A lightweight, code-first evaluation framework for testing AI agents and LLM applications

These details have not been verified by PyPI

Project links

Project description

EZVals

Unit Testing for AI agents and LLM apps. Write Python functions, use EvalContext to track results, and EZVals handles storage, scoring, and a small web UI.

Installation

EZVals is intended as a development dependency.

pip install ezvals
# or with uv
uv add --dev ezvals

Quick start

Look at the examples directory for runnable snippets. Run the demo suite and open the UI:

ezvals serve examples

UI screenshot

UI highlights

Expand rows to see inputs, outputs, metadata, scores, and annotations.
Edit scores or annotations inline; changes persist to JSON.
Export dropdown: JSON, CSV (raw data), PDF, Markdown (filtered view with charts).

Authoring evals

Write evals like tests. Add a ctx: EvalContext parameter, and EZVals auto-injects a mutable context object.

from ezvals import eval, EvalContext

@eval(input="I want a refund", dataset="customer_service")
async def test_refund(ctx: EvalContext):
    ctx.output = await run_agent(ctx.input)
    assert "refund" in ctx.output.lower(), "Should acknowledge refund"

EvalContext

EvalContext is a mutable builder for constructing eval results. When your function has a parameter with type annotation : EvalContext, EZVals automatically injects an instance.

Key features:

Auto-injection: Just add ctx: EvalContext parameter
Direct assignment: Set ctx.output, ctx.input, ctx.reference directly
Assertion-based scoring: Use assert statements like pytest
Auto-return: No explicit return needed
Exception safety: Partial data preserved on errors

Direct field access:

ctx.input = "test input"
ctx.output = "model response"
ctx.reference = "expected output"
ctx.metadata["model"] = "gpt-4"

Scoring with assertions:

assert ctx.output is not None, "Got no output"
assert "expected" in ctx.output.lower(), "Missing expected content"

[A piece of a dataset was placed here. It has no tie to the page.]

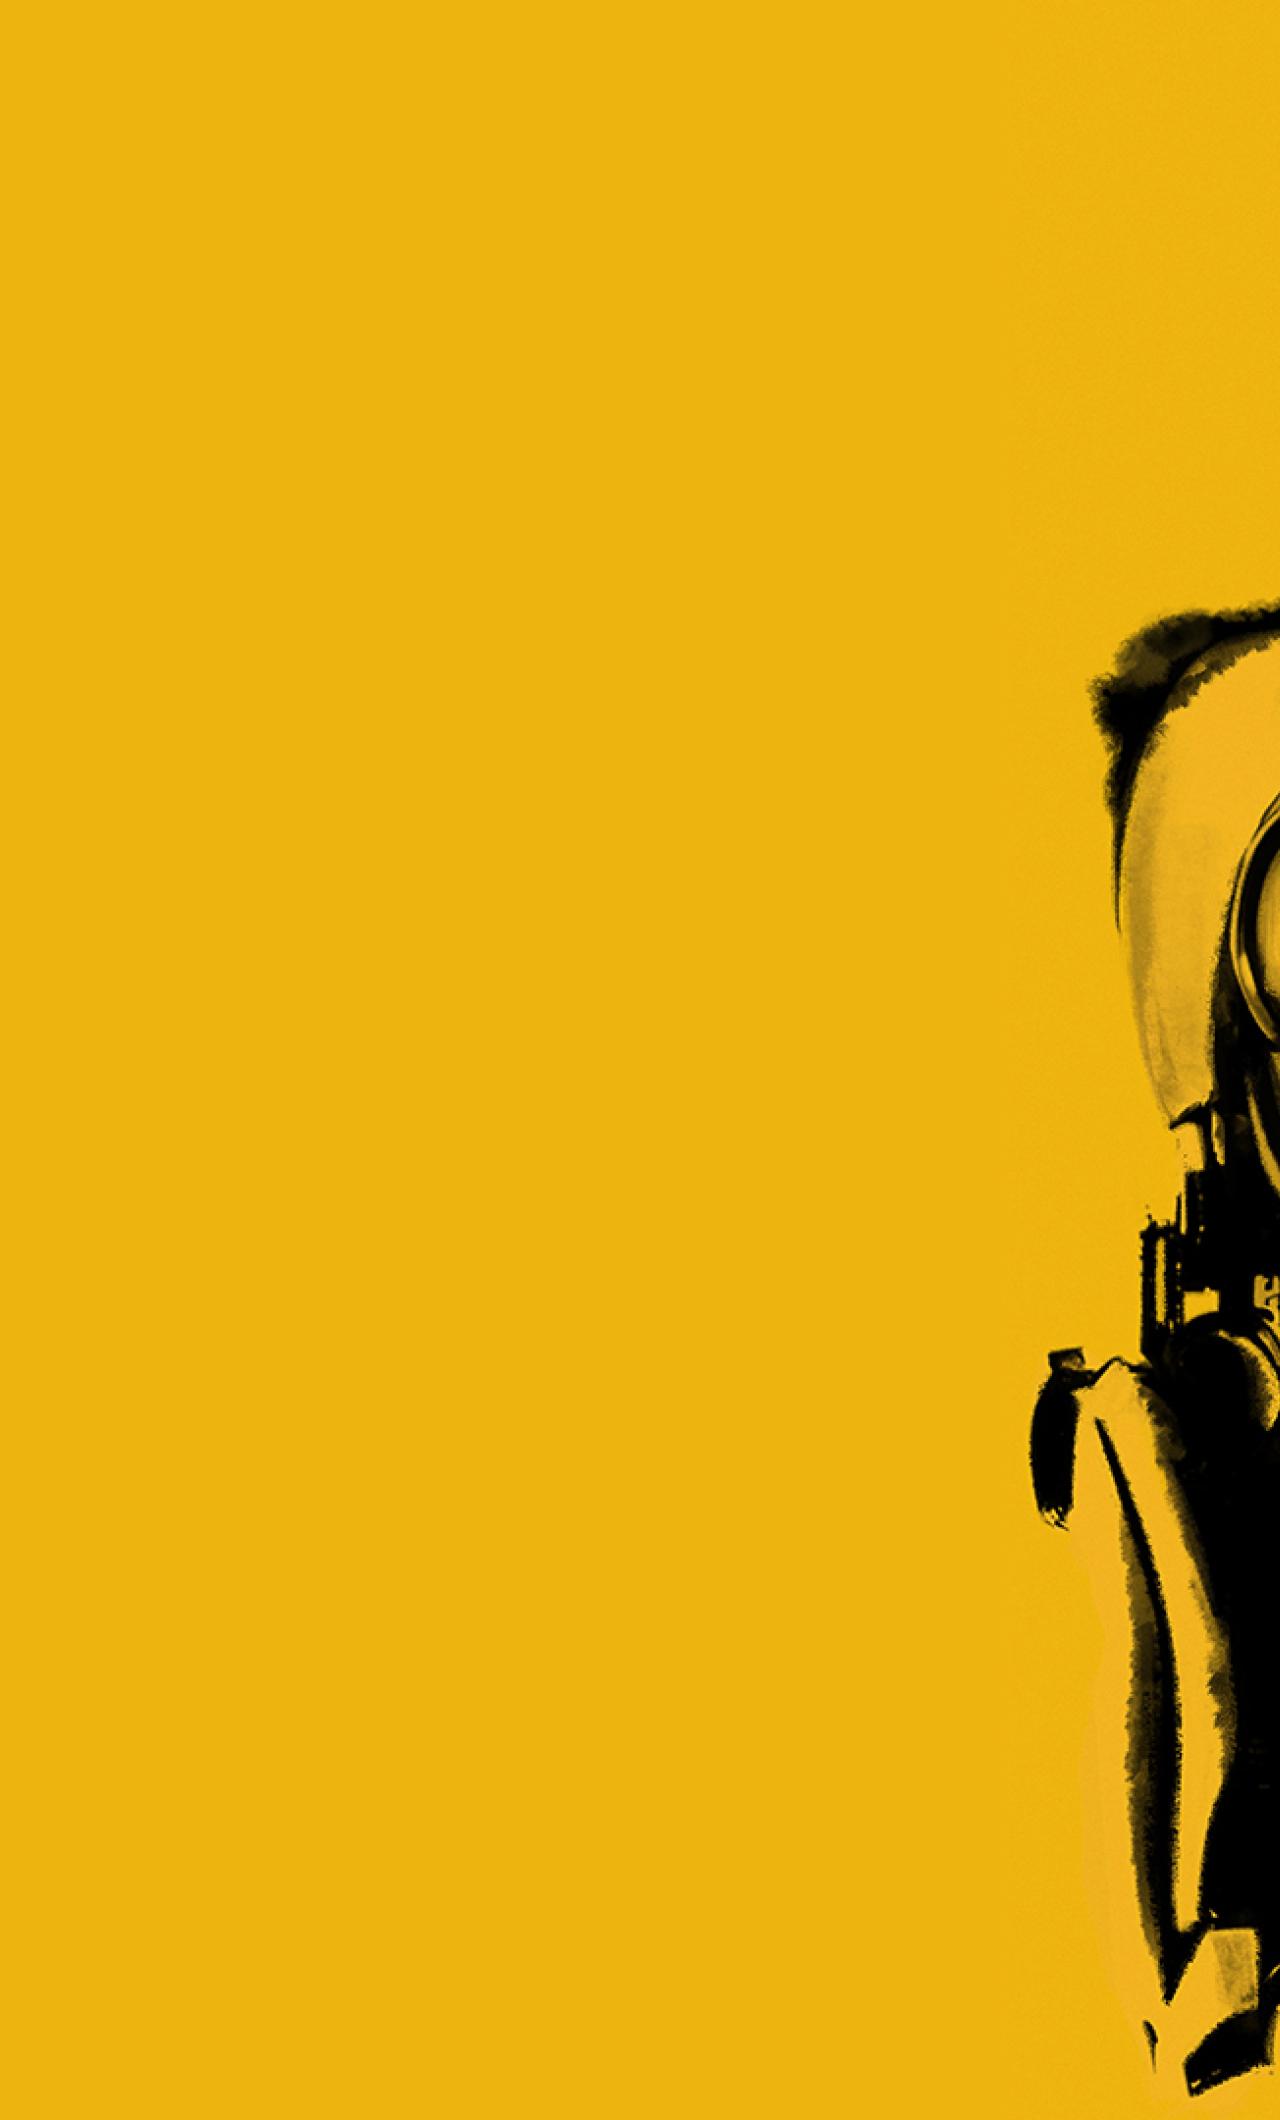 Bumblebee 2018 Comic Con Movie Poster, Full HD Wallpaper

Manual scoring (when needed):

ctx.add_score(True, "Test passed")  # Boolean
ctx.add_score(0.95, "High score", key="similarity")  # Numeric

Writing your first eval

Set context fields in the decorator when possible:

from ezvals import eval, EvalContext

@eval(
    input="I want a refund",
    reference="I'll help you process your refund request.",
    dataset="customer_service",
    metadata={"model": "gpt-4"}
)
async def test_refund_request(ctx: EvalContext):
    ctx.output = await run_agent(ctx.input)
    assert ctx.output == ctx.reference

Common patterns

1) Assertions (preferred):

@eval(input="What is 2+2?", reference="4", dataset="math")
async def test_arithmetic(ctx: EvalContext):
    ctx.output = await calculator(ctx.input)
    assert ctx.output == ctx.reference

2) Multiple assertions:

@eval(input="Explain quantum computing", dataset="qa")
async def test_explanation(ctx: EvalContext):
    ctx.output = await my_agent(ctx.input)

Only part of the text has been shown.